Правда, сначала она, невзирая на свой уравновешенный характер, тем не менее, глубоко оскорблённая, думала отнюдь по-другому. Да, было мучительно обидно и больно. Почему она такая кругом невезучая? Как с надрывом в голосе поёт на старенькой и трескучей, ещё отцовской, кассете Высоцкий: "Всё не так, ребята!" Почему в её жизни всё так ужасно, что хуже быть не может? Каждому воздаётся по способностям его. Что заслужила за своё малодушие и покорность судьбе, то и изволь получить, или иными словами, привыкай не питать никаких иллюзий, а принимать жизнь такой, какая она есть. Твой возлюбленный, дорогуша моя, всё это время водил тебя за нос, а ты и не знала или не желала знать, - это раз; в конечном итоге обвёл вокруг пальца и, воспользовавшись подвернувшимся случаем, исключительно ловко "слинял" - это два; ну и три: положение твоих теперешних дел таково, что тебе придётся рассчитывать только на себя, ибо никому ты больше такая не нужна. Ну что, мало тебе? Но если бы кто-нибудь из посторонних сунулся к ней с подобными нравоучениями или отпустил в адрес её гражданского статуса матери-одиночки хотя бы один грязный намёк, или же, не дай Бог, посмел косо посмотреть на её Веронику, она бы сказала так: "Вашего мнения, уважаемые, никто не спрашивает, ибо мне никто не указ, а посему подите-ка вы все вон", да что там, она бы не моргнув глазом изничтожила всех и вся, и была бы абсолютно права.

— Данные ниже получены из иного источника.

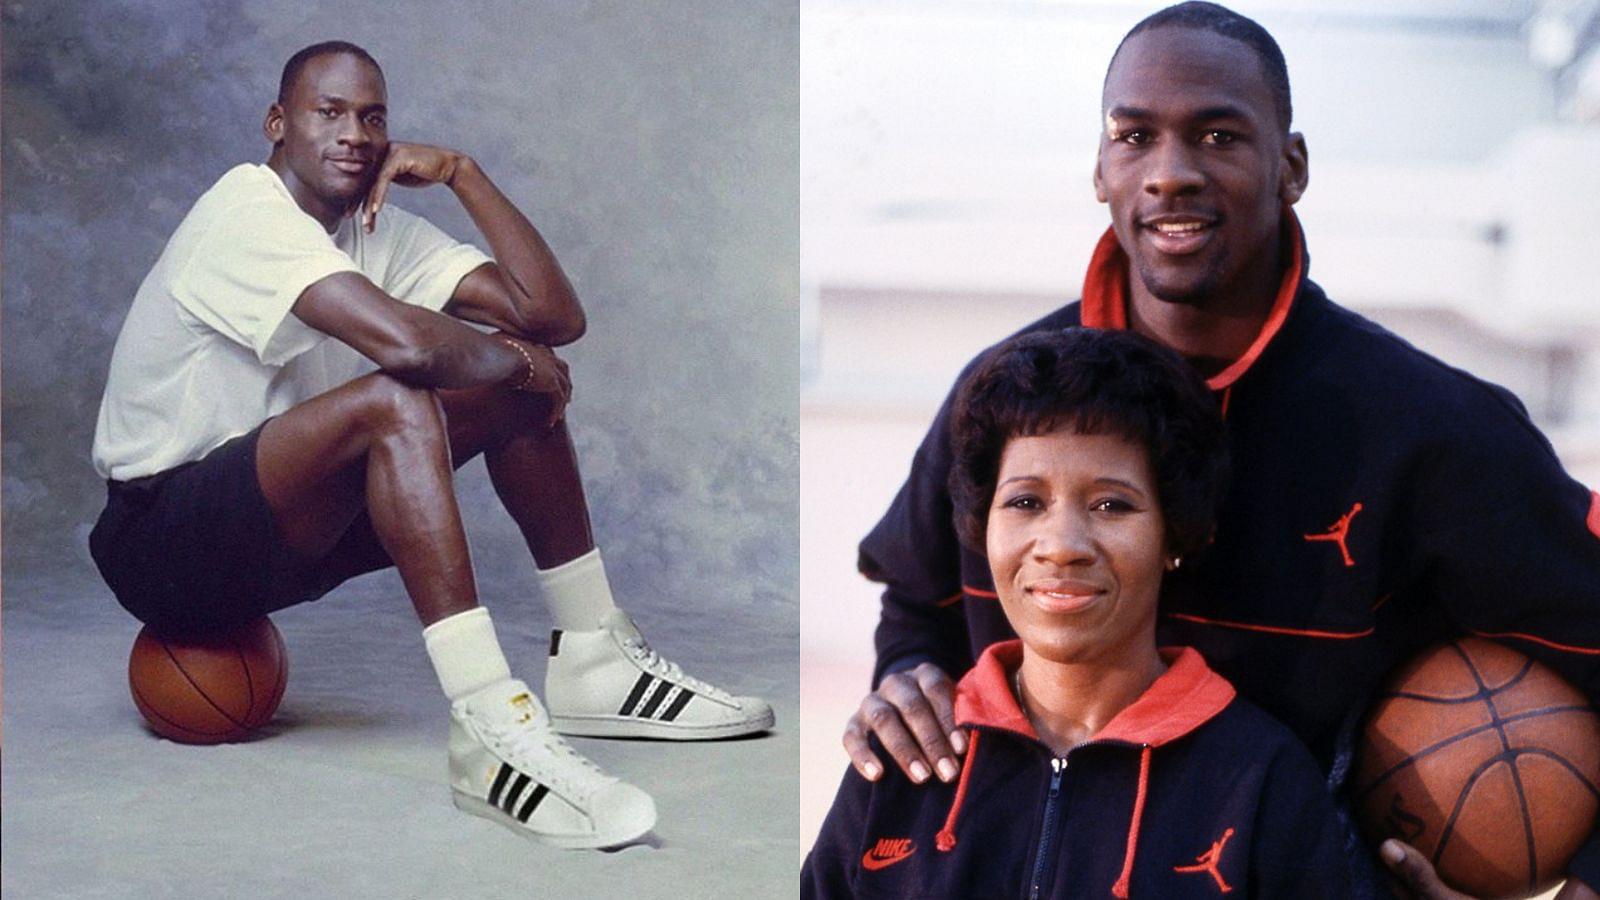 Michael Jordan was ‘too short’ for Adidas who had 50% larger revenue than $919 million worth Nike in 1984

Время лечит. Она могла бы добавить от себя: время и ещё любимое дело.

Вскоре после защиты дипломного задания она устроилась на работу в журнал "Альфа и Омега", конечно, не без протекции влиятельных отцовских знакомых, и в кругу её приятелей все в один голос заговорили, что ей, Ладе Коломенцевой, сказочно повезло. Молодёжный, неформальный, возникший в годы перестройки на новой волне и с тех пор шагнувший из своего филистёрского окружения далеко вперёд, журнал выгодно отличался от прочих ташкентских периодических изданий, из номера в номер совершающих жалкие потуги быть интересными, несмотря на то, что кроме главного редактора, штатных сотрудников в нём числилось всего шесть человек. Лада оказалась седьмой. Выходил журнал раз в месяц, и это являло собой настоящее событие, так как печатался он немыслимо огромным тиражом и был нарасхват.

Редакция буквально накануне переехала из своей старой резиденции в районе Рисового базара на новое место и теперь осваивала позицию в самом центе города - напротив Сквера в административном здании с плоским квадратным фронтоном, отделанным по современной моде зеркальными стёклами и блестящим металлом, где занимала несколько смежных комнат на третьем этаже. Здание было новое, оборудовано и меблировано с иголочки, а в его пустынных, пока незахламлённых коридорах до сих пор пахло сырой штукатуркой и лаком. В одной из комнат с высокими офисными стеллажами и выкрашенными светло-зелёной краской несгораемыми шкафами Ладе выделили стол непосредственно возле окна, в которое сквозь прогалину в кроне растущего рядом дерева она имела возможность созерцать проложенную к памятнику прямую аллею, упитанный зад коня и небольшой промежуток его мощного крупа. Все остальные части памятника скрывались за зеленью каштанов и японской сафоры. Дальше вообще ничего не было видно, так как тонированные стёкла скрадывали очертания далей. В противоположном от окна углу, подальше от пагубных солнечных лучей, на высоком фигурном подиуме в окружении тенелюбивых комнатных растений, со вкусом подобранных специально приглашённым дизайнером, помещалась краса и гордость редакции - просторная клетка с попугайчиками, которые, не щадя себя, часами занимались сколь кропотливым, столь и захватывающим занятием: зацепив лист формата А4 когтями, клювом остервенело рвали его в клочья, посему поддон клетки сплошь был усеян нарезанной лапшой "снегурочкой"; попугайчики, естественно, гадили и создавали вокруг себя слишком много шума, но они были личной и благодаря этому - неприкосновенной собственностью главного редактора Майи Борисовны Мамочкиной, которую за глаза здесь звали Мамашей Кураж, натуры столь увлекающееся, что, когда она стала поговаривать, как неплохо было бы тут же, рядом с клеткой, устроить комнатный водопад и даже уже начала собирать справки, то отговорить её от этой затеи стоило великих трудов. В остальном же комната была обставлена по-хайтековски строго, если не сказать - сурово.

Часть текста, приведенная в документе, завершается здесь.